As a rule, all-white animals are predisposed to deafness. But I see lots of pigment going on there. Who knows.

However, the little bugger seems fun to have around :). I guess any mouse that can be seen is going to be in a world of trouble.
 
I recently saw Holly being used for a nice handle on Dubois’ site – Finnish hatchet actually. We have it around ornamentally and wild but you are certainly right on it being a prickly thing to process.

Take all the holly you can! It's a terrible invasive and it's going to cost our timber producers, both public and private, a lot of money over the next several decades. Best if you rip up the roots and monitor the site for suckers for a couple years. Even better if you poison the stump with herbicides.

This stuff is gobbling up parks and timber land in the Puget Sound basin. It's been doubling it's foot print every 10 years for the last 40 years. In 20 years it will rob us of a lot of good timber.

http://www.kingcounty.gov/services/...-weeds/weed-identification/english-holly.aspx
 
Kevin, thanks for the suitable tree woods list. I need to look for Elm I recently saw Holly being used for a nice handle on Dubois’ site – Finnish hatchet actually. We have it around ornamentally and wild but you are certainly right on it being a prickly thing to process.
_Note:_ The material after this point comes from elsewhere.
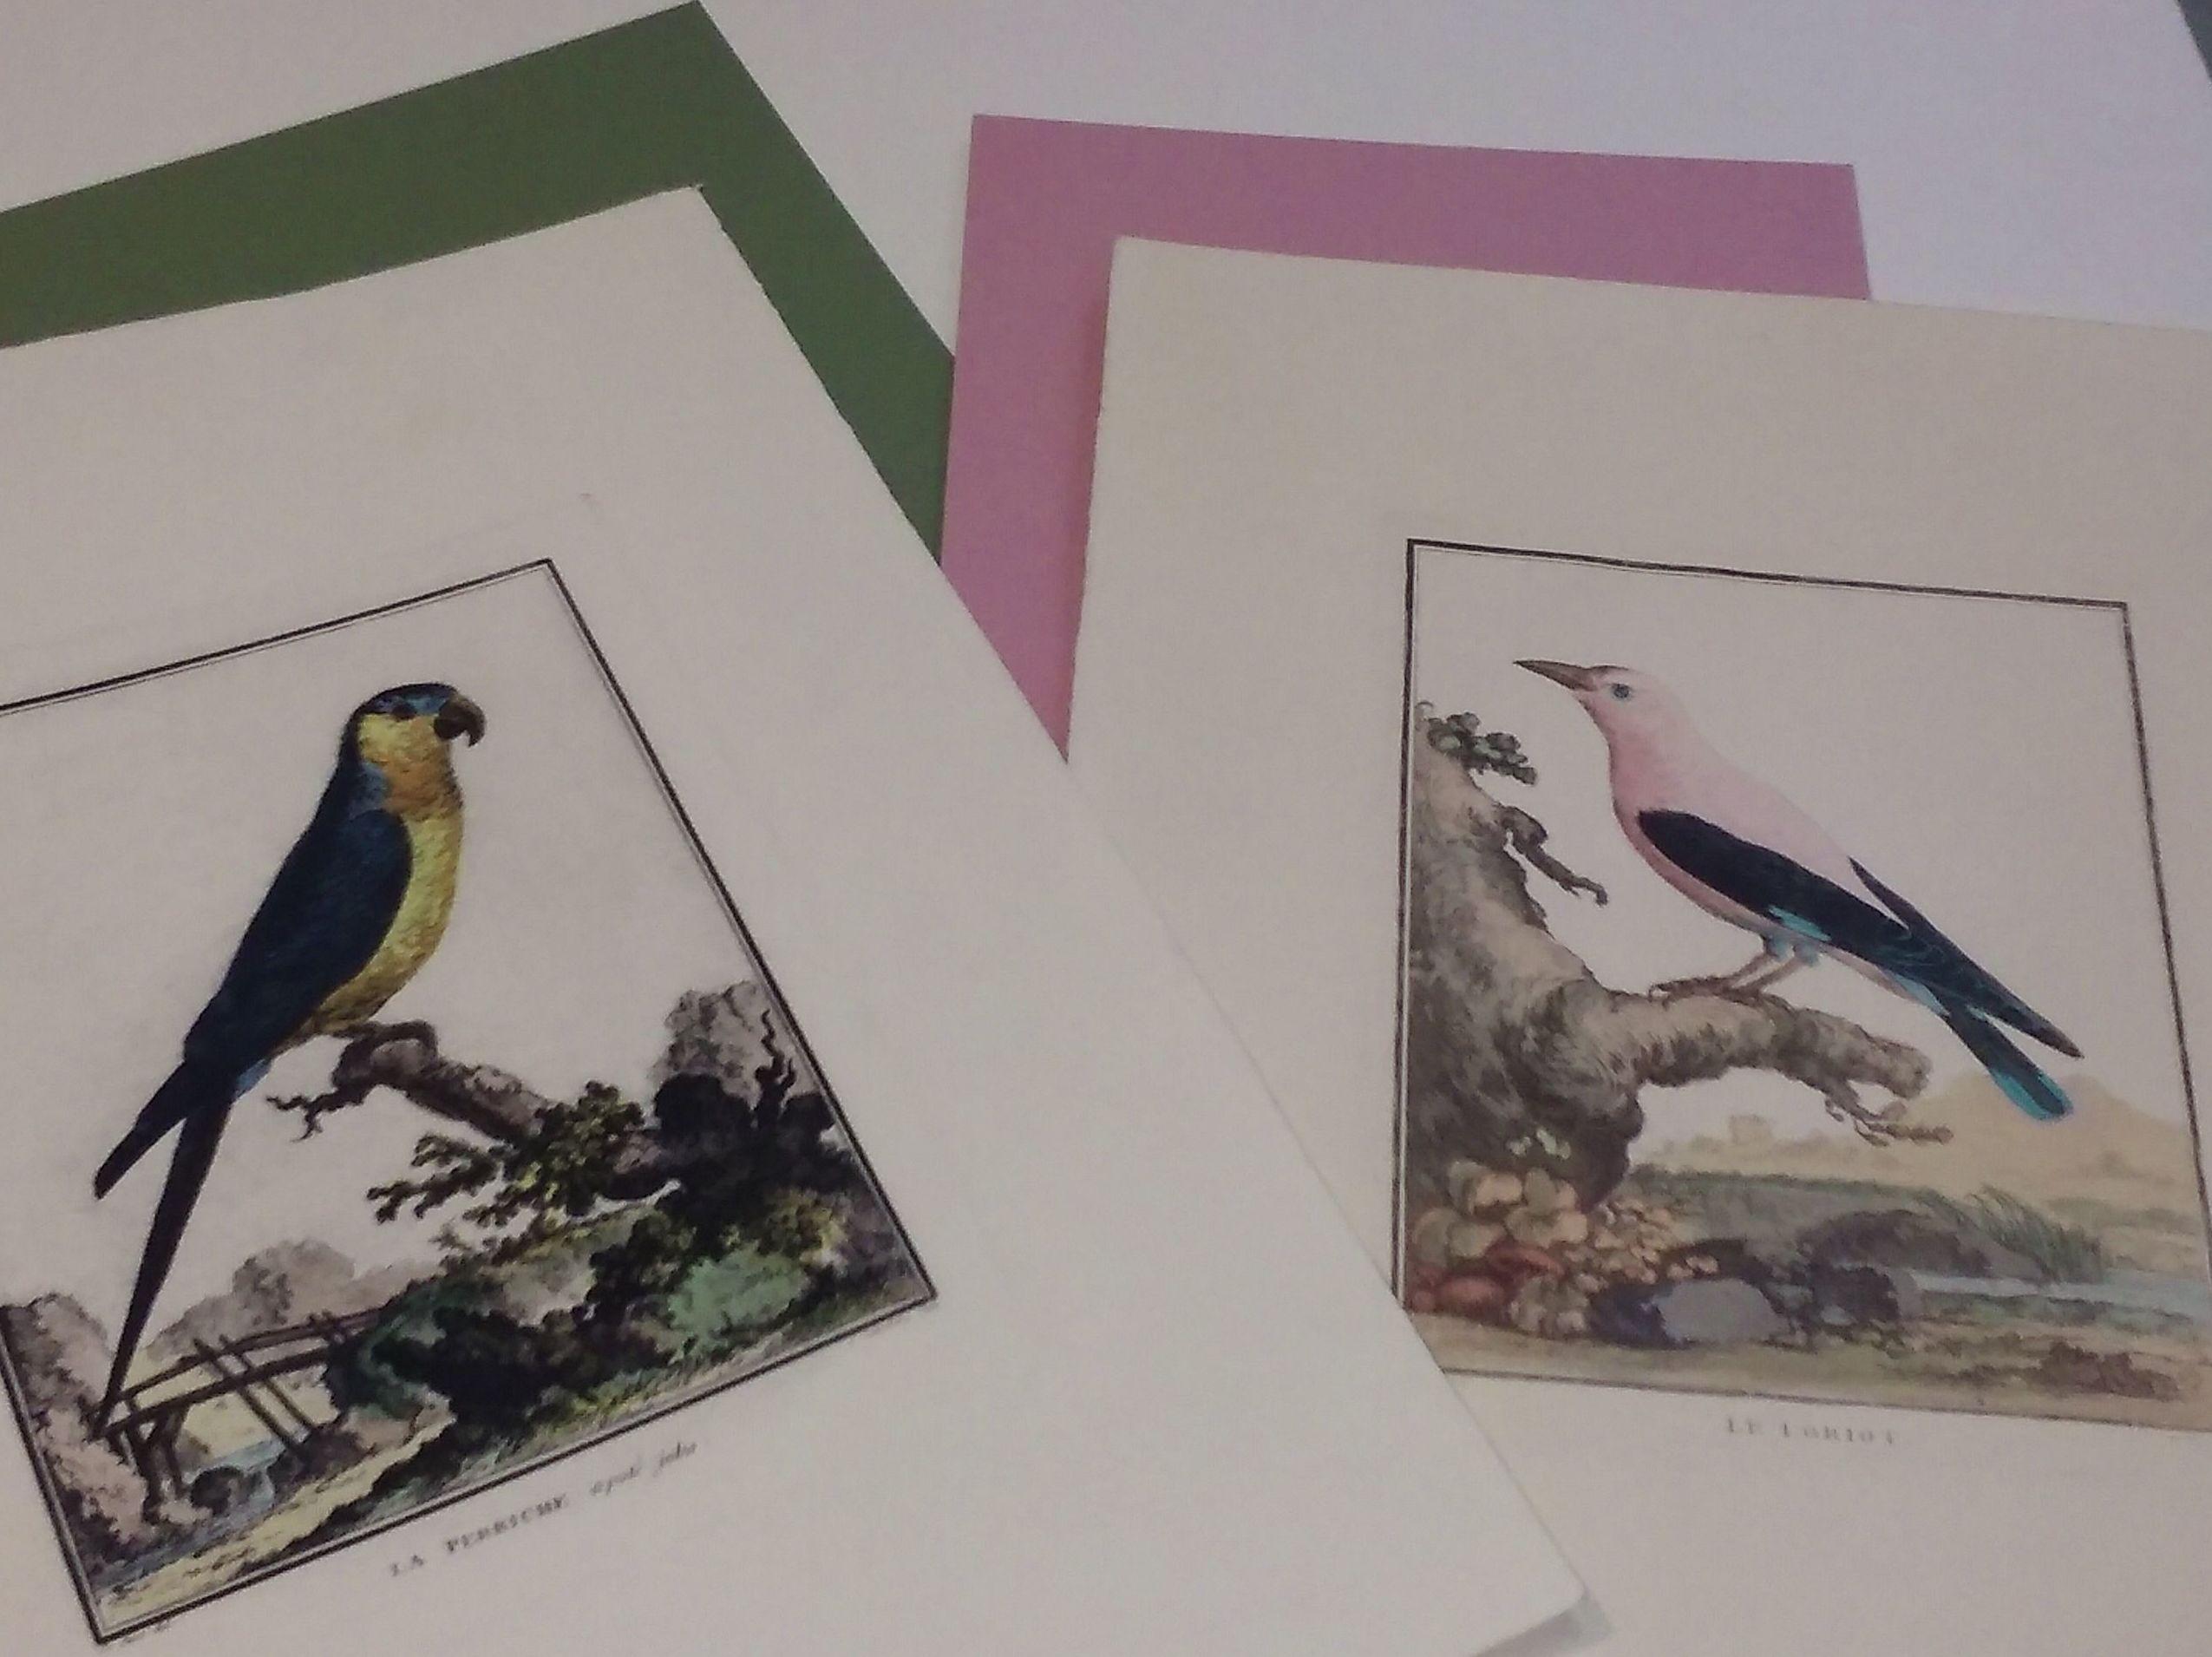 Grabados calcográficos iluminados con acuarelas, colección de aves
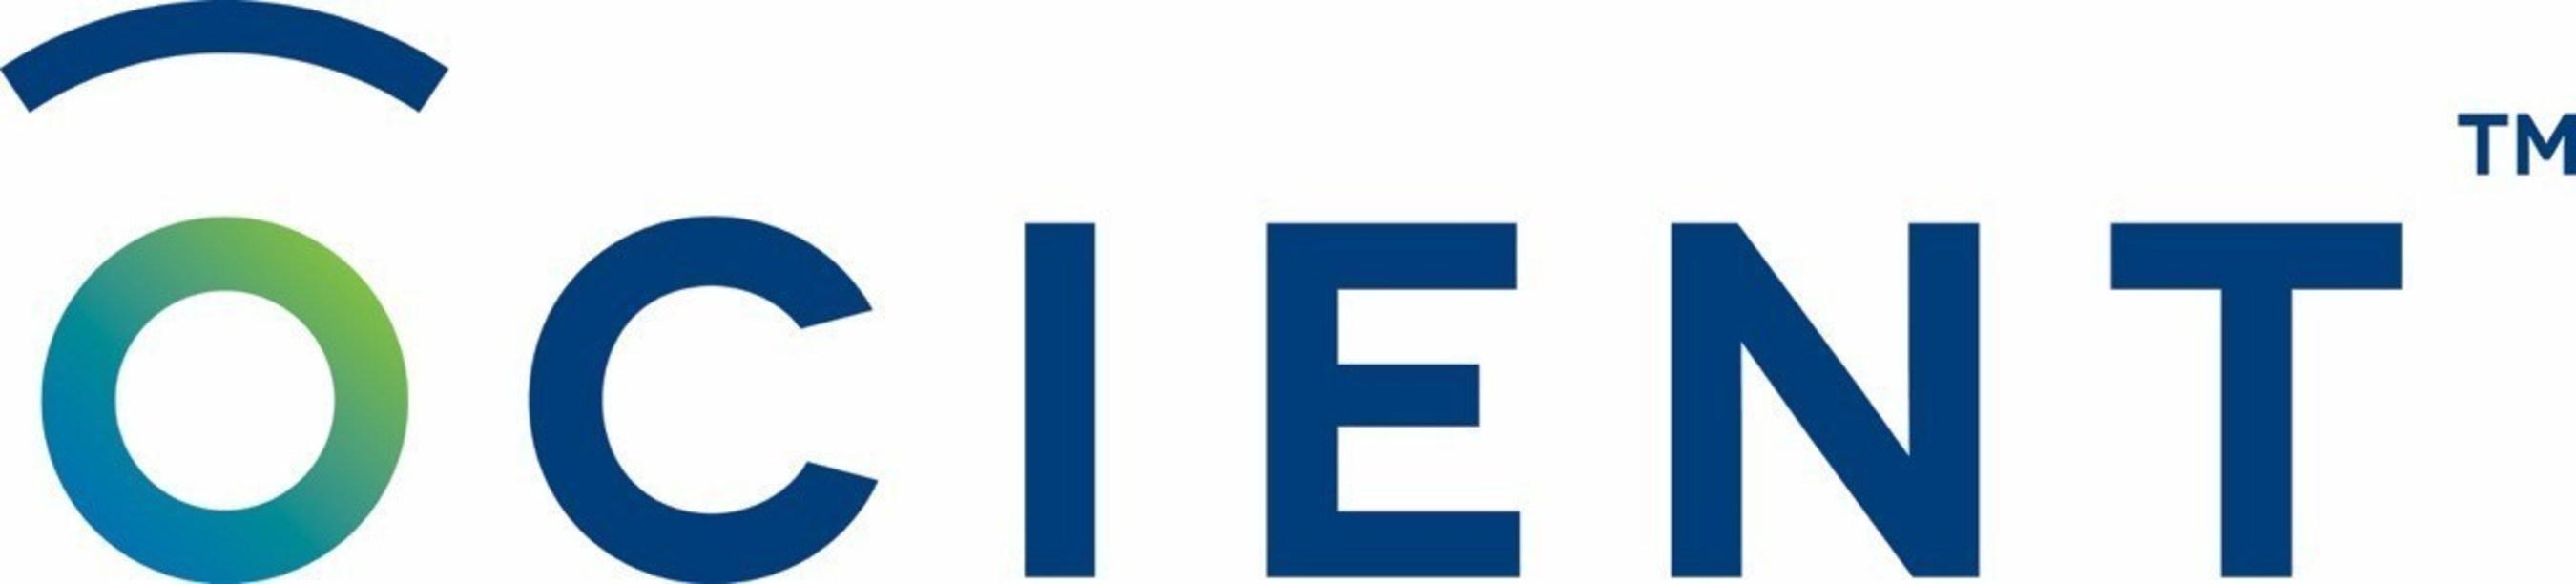 Ocient Logo

Elm is wonderfully strong, hard as a rock and difficult to cleave. I brought home a straight fat round of American Elm (the vase shaped one also known as White Elm) last year and was surprised how soft and lightweight it was, relative to hardwoods such as Beech, Oak and Sugar Maple. All of the elms, mind you. are a SOB to split. Turns out the Elm that is most desirable for tool handles, sleigh runners, plough bodies etc is Rock Elm (U. thomasii / also known as Cork Elm). There is quite a difference (weight per cu/ft, hardness and strength) between the two. There are thousands of recently deceased American Elms around here (thank you Dutch Elm Disease which is named for where it was discovered and not where it came from) but I have yet to find a Rock Elm to play with.
 
Weight has a lot to do with the amount of moisture in the wood. Once it dries out, it'll be roughly 650KG/m3 range. Slightly below the 700KG of european ash, and about the same as your local Amercian Ash. The type of Ulmus other then isn't that important, other then the looks of it. I haven't found any difference?
Perhaps if you don't burn wood in the stove to heat the house! 'Soft' Maple (Silver, Red, Mountain and Manitoba (Box elder)) are worth nothing around here whereas Sugar Maple ('hard' maple or 'rock' maple) is king. Quite a difference between them and you won't find a baseball bat manufacturer or custom furniture maker accepting any other. They look quite similar until you actually heft a piece! That has to translate into something if you're not in the market for Balsa wood.